HOW TO COMPLETE THIS TASK | Starting with the line that contains "Adorable. Whimsical. Cute.", copy every line through the end of the listing, exactly and only those. No pictures should appear in the copy.

· · · · ·

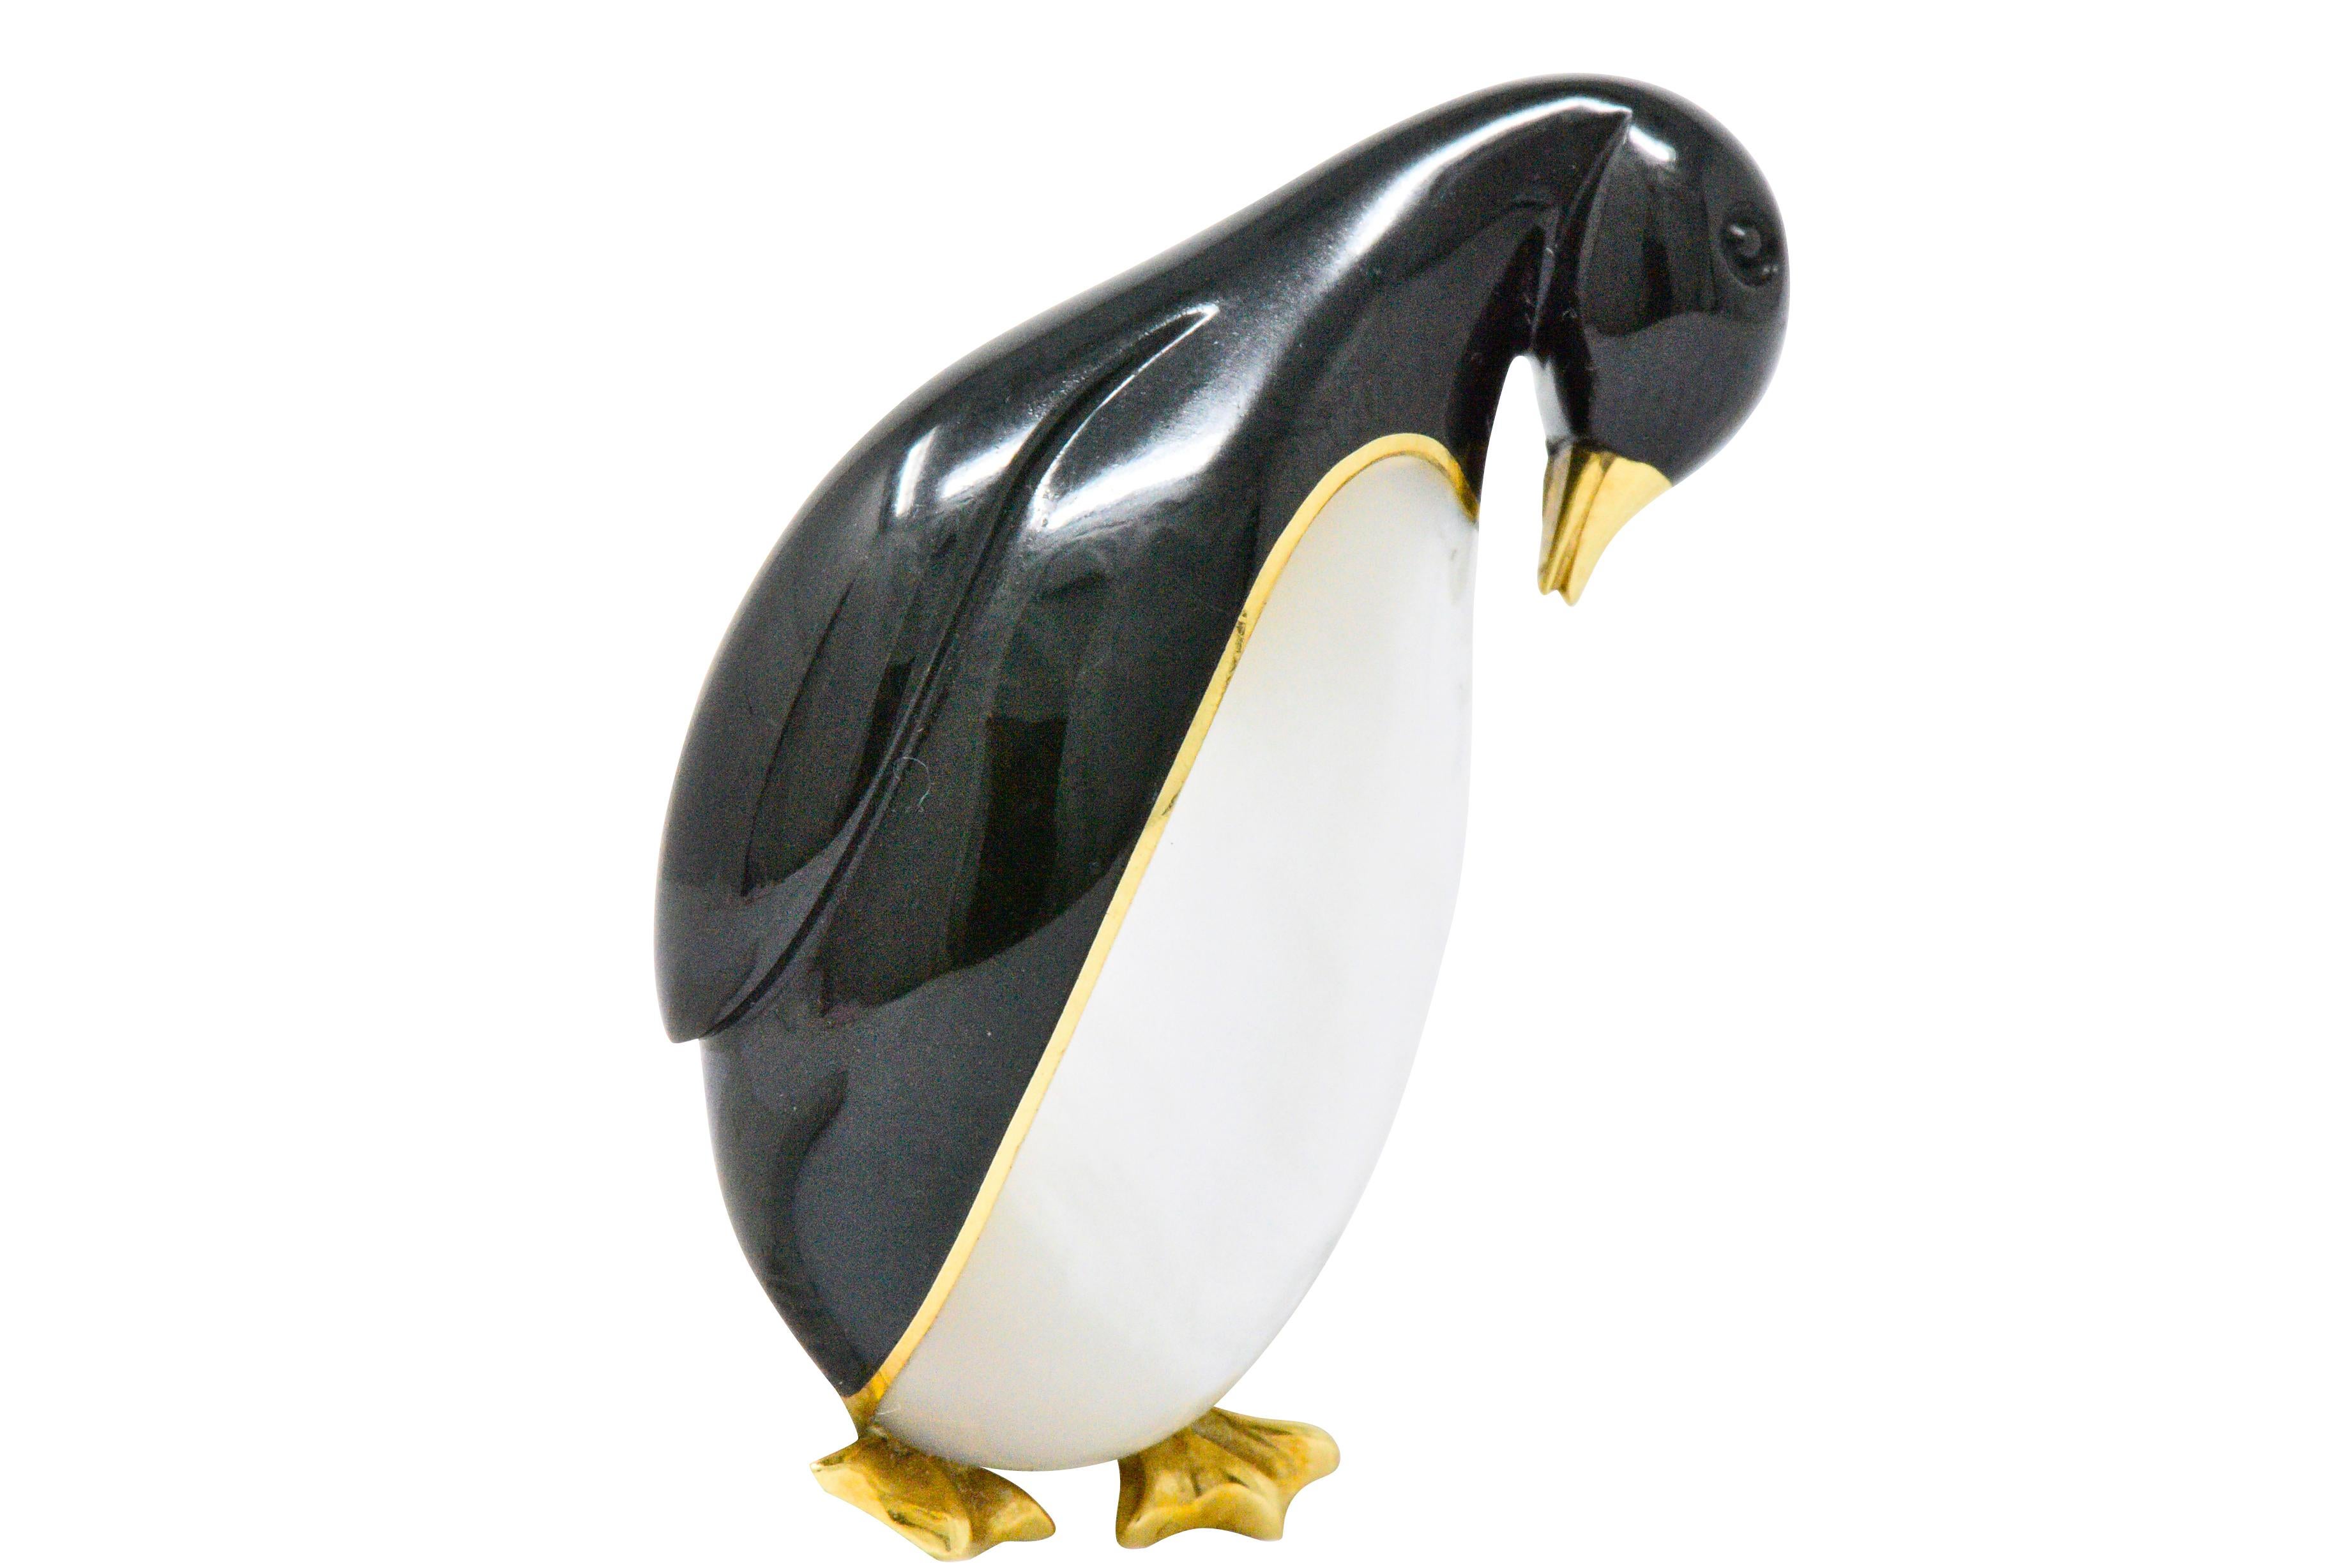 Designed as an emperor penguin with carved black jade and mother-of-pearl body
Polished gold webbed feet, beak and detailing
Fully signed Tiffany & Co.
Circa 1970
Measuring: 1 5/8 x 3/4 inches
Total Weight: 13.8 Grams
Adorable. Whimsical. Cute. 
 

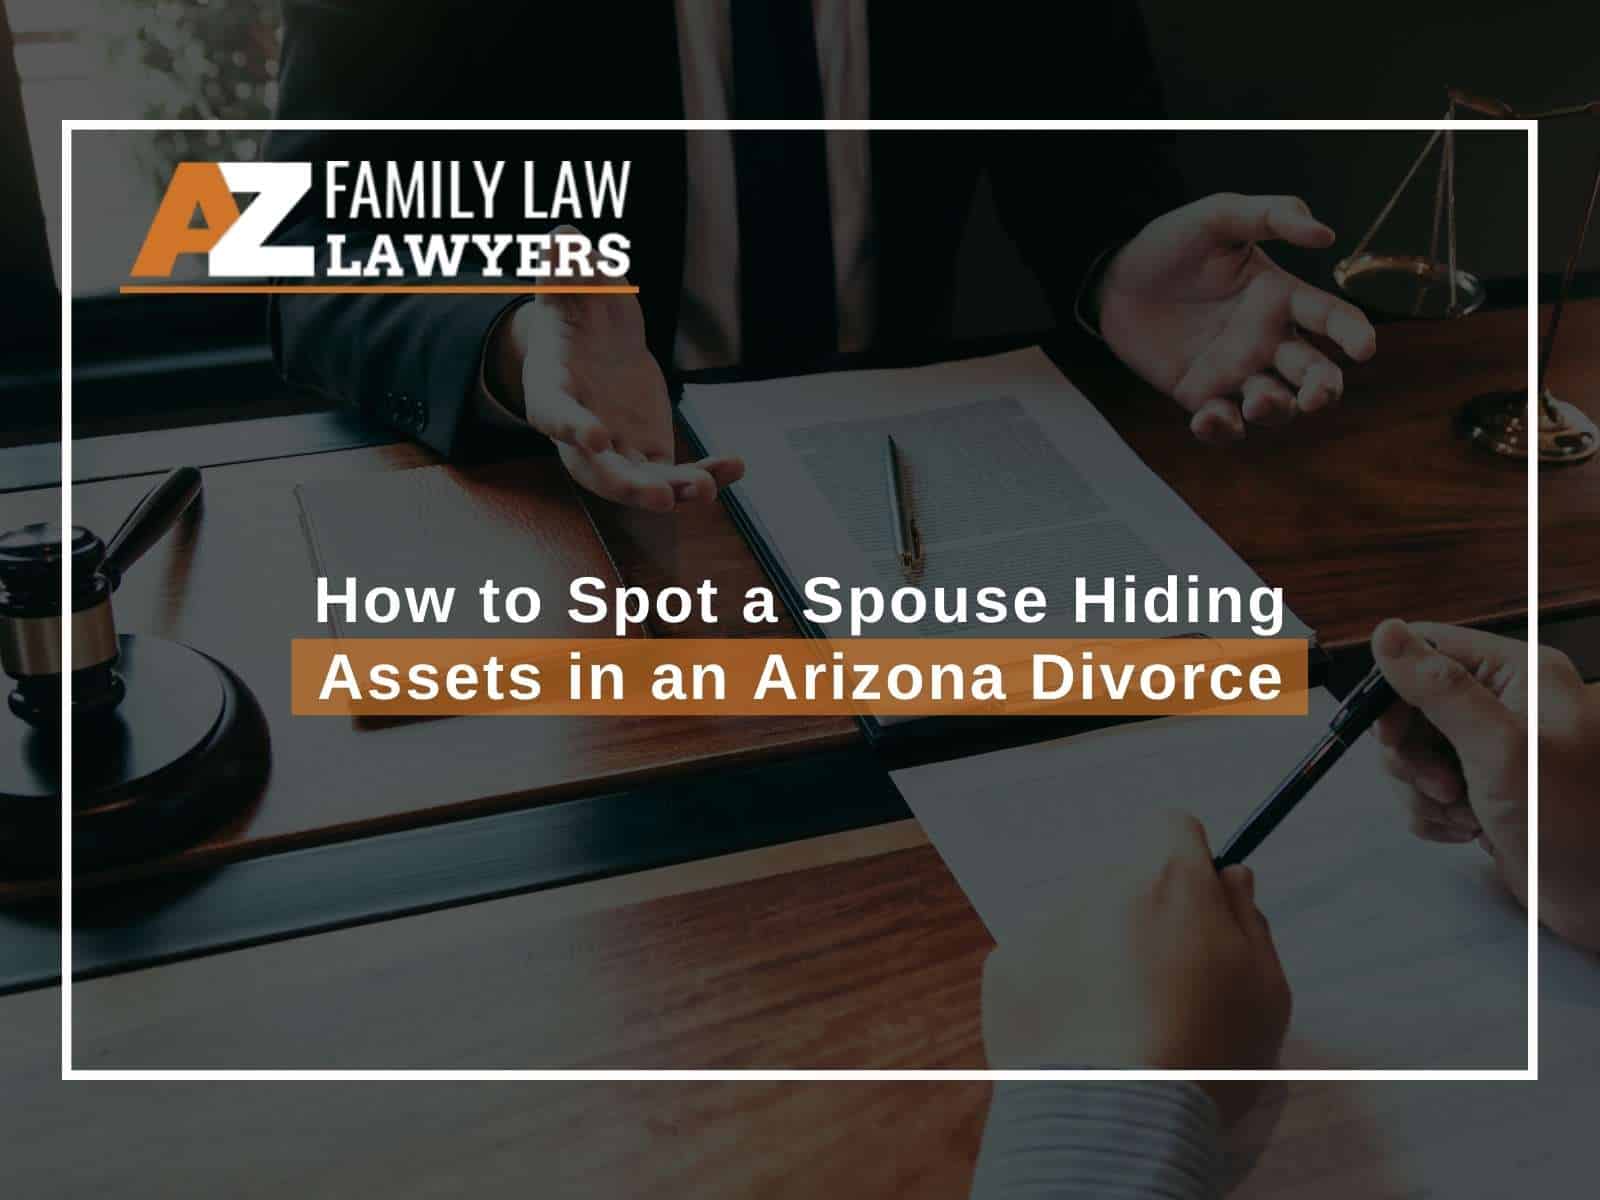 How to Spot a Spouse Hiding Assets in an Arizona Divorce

· · · · ·

YOUR RESPONSE |
Adorable. Whimsical. Cute. 
 

 How to Spot a Spouse Hiding Assets in an Arizona Divorce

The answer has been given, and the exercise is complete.